For days you puke and piss the lake, its currents
eddying in shrinking veins and the marshlands
of your lungs.  With each move, each dreaming toss
and turn, the lake still sloshes against your skin.


Rideout gives us a history lesson, a swimming lesson, and a treatise on the nature of the long distance swimmer – but she is really talking about the navigation we must all endure, pulled as we are towards the rocks of shore.

Shirley Tallies Some Failures

Moorless nights strung out along the shores
of Belleville, Napanee, Kingston.  Lake becomes a river.
Then Kingston, Brockville, Morrisburg where the last
of those brick loyalist homes are claimed as B & Bs
for two-car couples arriving by the highway.

In the seaway, the rest dwindle, subside and sweep
out to sea.  Along with everything lost:  a husband, children
and years of false sobriety.  Detritus resurfaces wanting
remembrance:  chipped, faded, broken down.

Messages come, not by bottle – they're all shattered –
but by pigeons that perch and coo on every windowsill, by gulls
that shriek and warn with red dots on their beaks.  I am their home.
I make for the next port, and they'll find me there, too,
as drowned as those swamped farmhouses
below lumbering cargo ships on the Saint Lawrence.


Tanis Rideout's Arguments With The Lake is accomplished stuff, compelling, well crafted and clever.
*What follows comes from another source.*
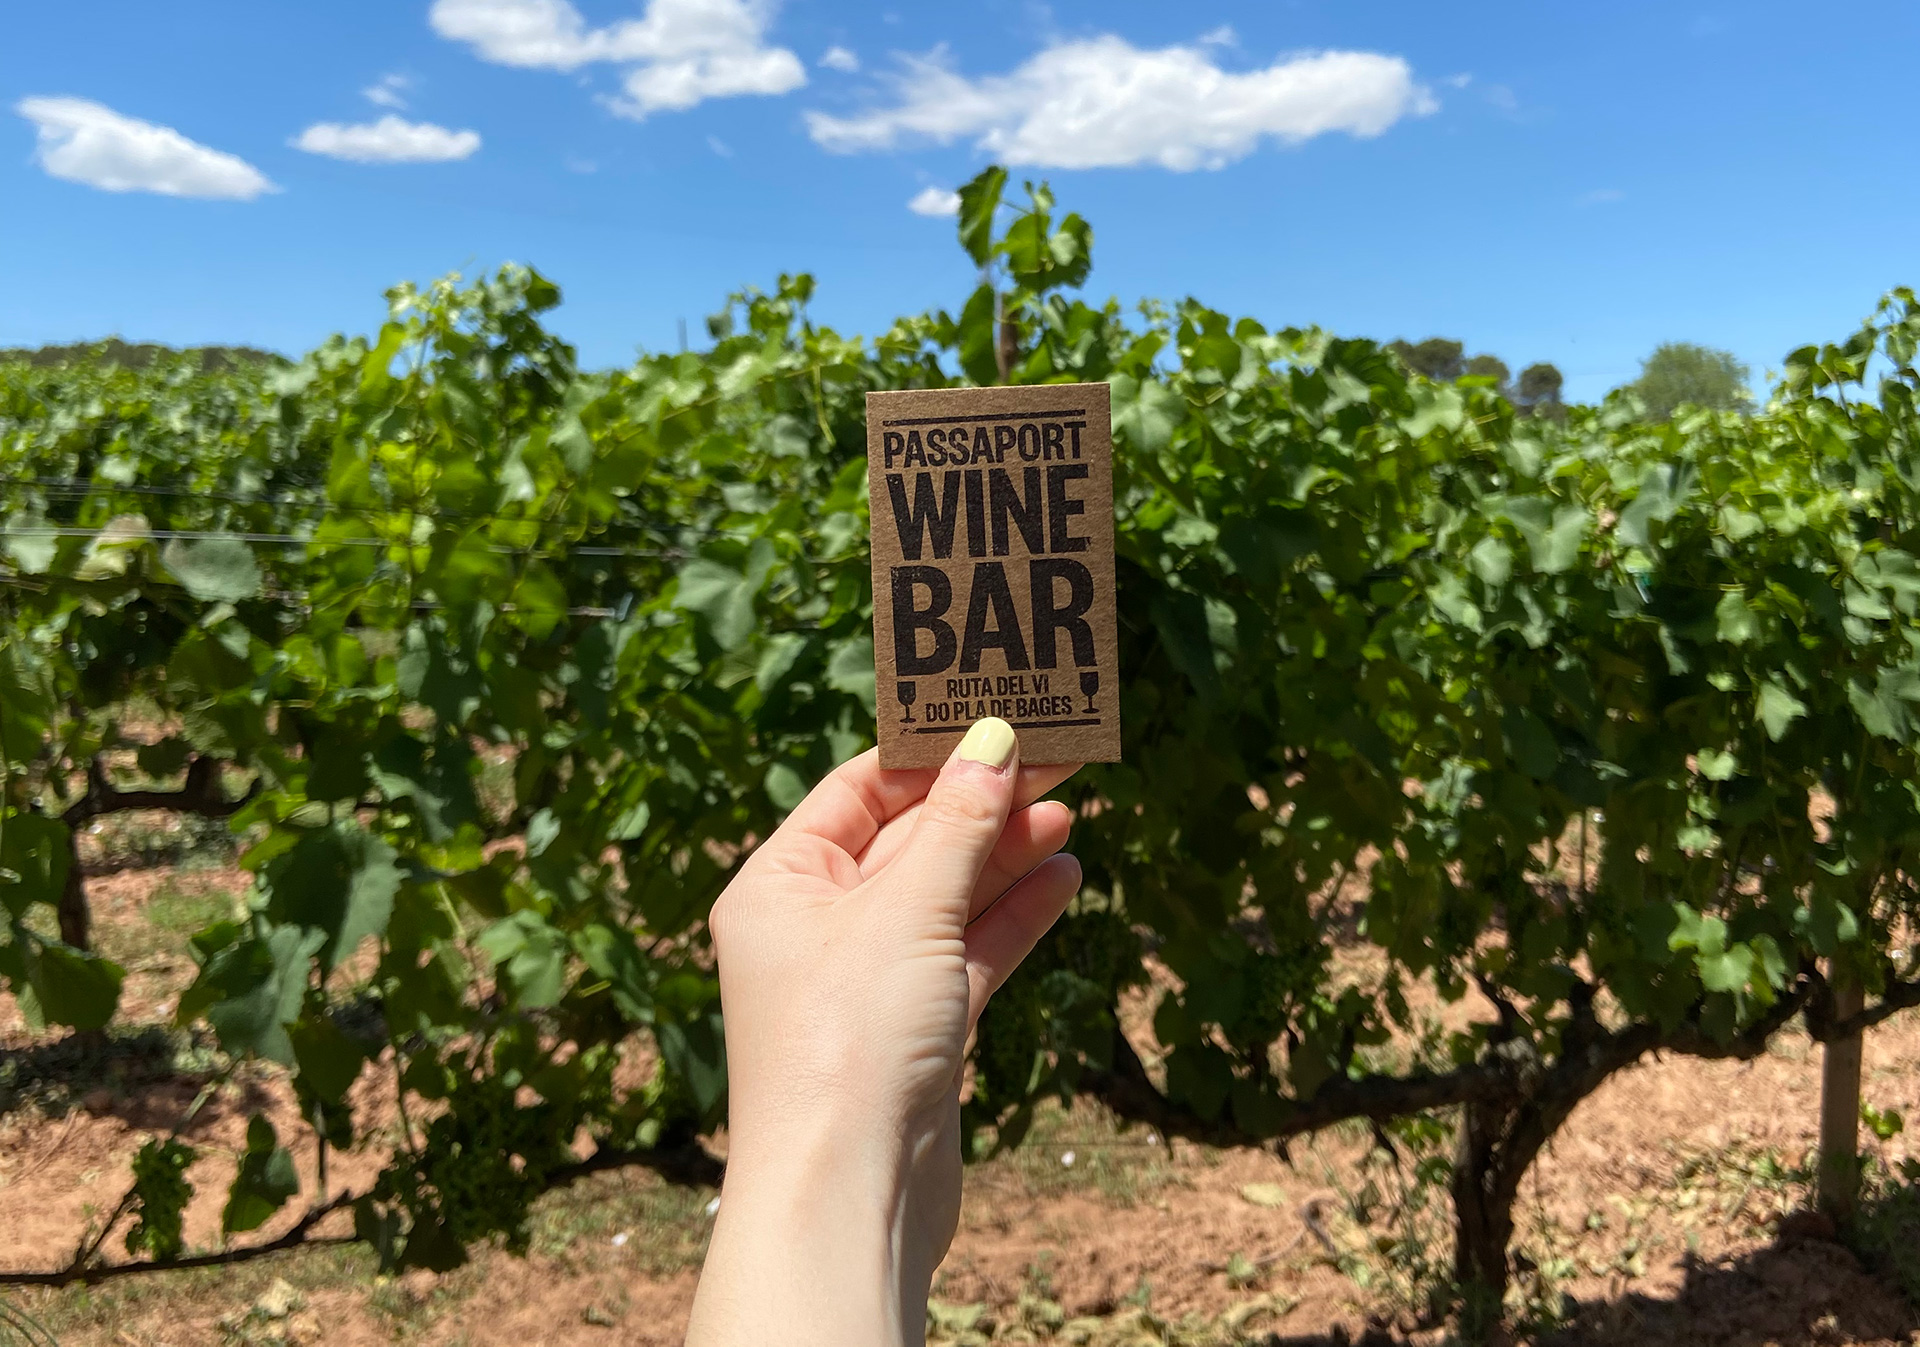 Passaport Wine Bar

These comments appear on the back cover of Tanis Rideout's  Arguments With The Lake, I think all three of them eloquently say what I was attempting while thrashing about in deep water.

"Cold-eyed and driven, these poems carve away the fatty sentiments around the Great Lake swimmers, those glamour girls of myth.  With these constantly surprising and multifarious narratives starring Marilyn Bell and Shirley Campbell, two girls swallowing the 'frigid knife of water," Tanis Rideout proves herself capable of just about anything."

     Carolyn Smart, author of Hooked

"Poems that swim elegantly, that slide streamlined with every other flowing thing - as if they themselves were another layer of fluid."

     Gord Downie, author of Coke Machine Glow

"Arguments with the Lake is a coming-of-age poetic odyssey told in mythic and sensuous language.  In these verses the poet engages the element of water to discover the many meanings of (her) life.  MacEwanesque in scope, Arguments with the Lake invokes in the reader a sense of timelessness and breathless wonder."